Did university life (as a student) transform your poetry writing? What kind of discoveries did you make?

Personally university wasn’t helpful as far as writing poetry went, though I came out knowing a bit about a lot of English poetry from the Anglo-Saxon “Seafarer” to Spenser to Marvell to Gray to Byron to Browning to W H Auden. Nothing contemporary – in fact, nothing post-WW2. We had to write weekly essays – last week Wordsworth, this week Coleridge, next week Keats. It was like a whistle–stop tour of poetry’s greatest hits – wonderful in a way, but also intimidating. Sometimes I felt I was turning into a dial-a-quote.

I do remember reading some Sylvia Plath which was edgily thrilling and liking Roger McGough and Adrian Mitchell because they were funny and expressed political opinions I agreed with. I bought and read Ted Hughes’s Crow when it came out. I don’t think I ‘got’ the poems at all, but I enjoyed their dark laughter (though I wouldn’t have put it like that). This was the time when Gormenghast and Catch–22 were obligatory reading, and Bergman’s Seventh Seal and Godard obligatory viewing. We all said things like “really weird”, “far out” and “freaky”. We were terrified of being normal or at least being thought normal. It had a lot to do with the music we were obsessively listening to: Dylan, the Doors, the Stones, the Velvet Underground, Pink Floyd, later Steely Dan. Each new album was like a bulletin from another, more exciting world. We wanted our lives to be like those songs – “Strange days have found us”; “Remember what the dormouse said” – and fantasised that they were. It was very heady, and I don’t regret it, but it didn’t lead to me writing any halfway decent poems, though I did eventually write some lyrics for songs.

 

What about as a lecturer?

I think initially being a university teacher was another inhibiter because I only ever taught poems from earlier centuries ‒ often wonderful but not much help (at least in any direct way) with trying to write my own poems. More helpful was the only poetry writing course I’ve attended. This was a two–day affair in 1979, I think, at the Lancaster Arts Festival, run by a poet called Gavin Ewart. He was a playful-serious poet, who, like Auden, used poetic form as a starter-motor and could do everything from villanelles to clerihews, from prose poems to McGonagallesque doggerel. His poems were (are) clever, also often funny (a rare gift in poetry).
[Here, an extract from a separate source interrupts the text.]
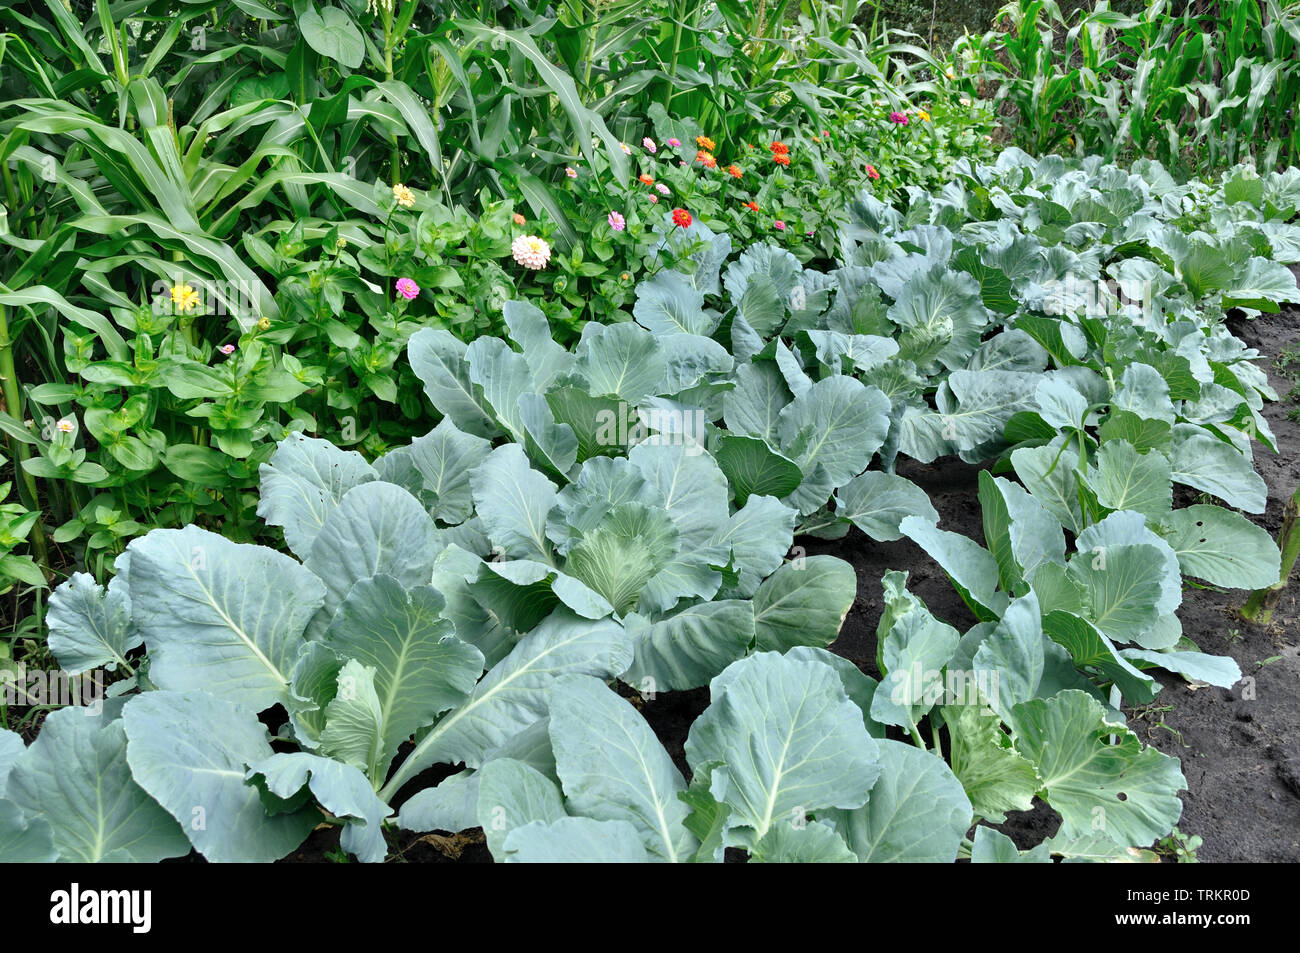 Varias verduras cultivadas orgánicamente en la huerta Foto de stock

The workshop was memorable. The first day Ewart got us to write haiku and limericks and one–line poems, and one man soon got stroppy and said this wasn’t poetry and that only the rather pretty girl with black hair was producing anything remotely interesting and then he stormed out – never to return. Personally I found trying to do the forms useful and helpful, partly because it got me away from Romantic ideas of the muse having to strike – I was still very hung up on Wordsworth and Keats and notions of the creative mood, sometimes ‘suitably enhanced’. And I do think the class generally encouraged me to be less earnest, that play was okay. The second day we workshopped poems we’d sent in advance and that was helpful. Ewart was very hot on line-endings and about not being lazy with rhyme (if you used it): every word had to pay its way.

I was teaching in Leicester at the time and, partly as a result of the workshop, I joined a small group of local poets. We’d meet and discuss our work, but it all tended to be too polite, and when one member won quite a big national prize, the group combusted from envy. But I do think of that as the time when I slowly started to take writing poems more seriously. This coincided with having children, and I’d blue-tack drafts of my poems to the walls and think about them as I walked around at night, holding wakeful babies. Sometimes the poems were about my children (I had step–children too), and I think becoming a parent not only made a huge difference to me as a person but gradually also to the poems I was beginning to write. It’s not a coincidence that the first poem of mine I think is any good – “Your Secret Life” written in my mid–thirties – is about my (then six-year-old) daughter and imagining her as a teenager.

 

Some people want to let their poems speak for themselves while others are happy to offer provisional entry points. What do you think your role is when you ‘teach’ poetry?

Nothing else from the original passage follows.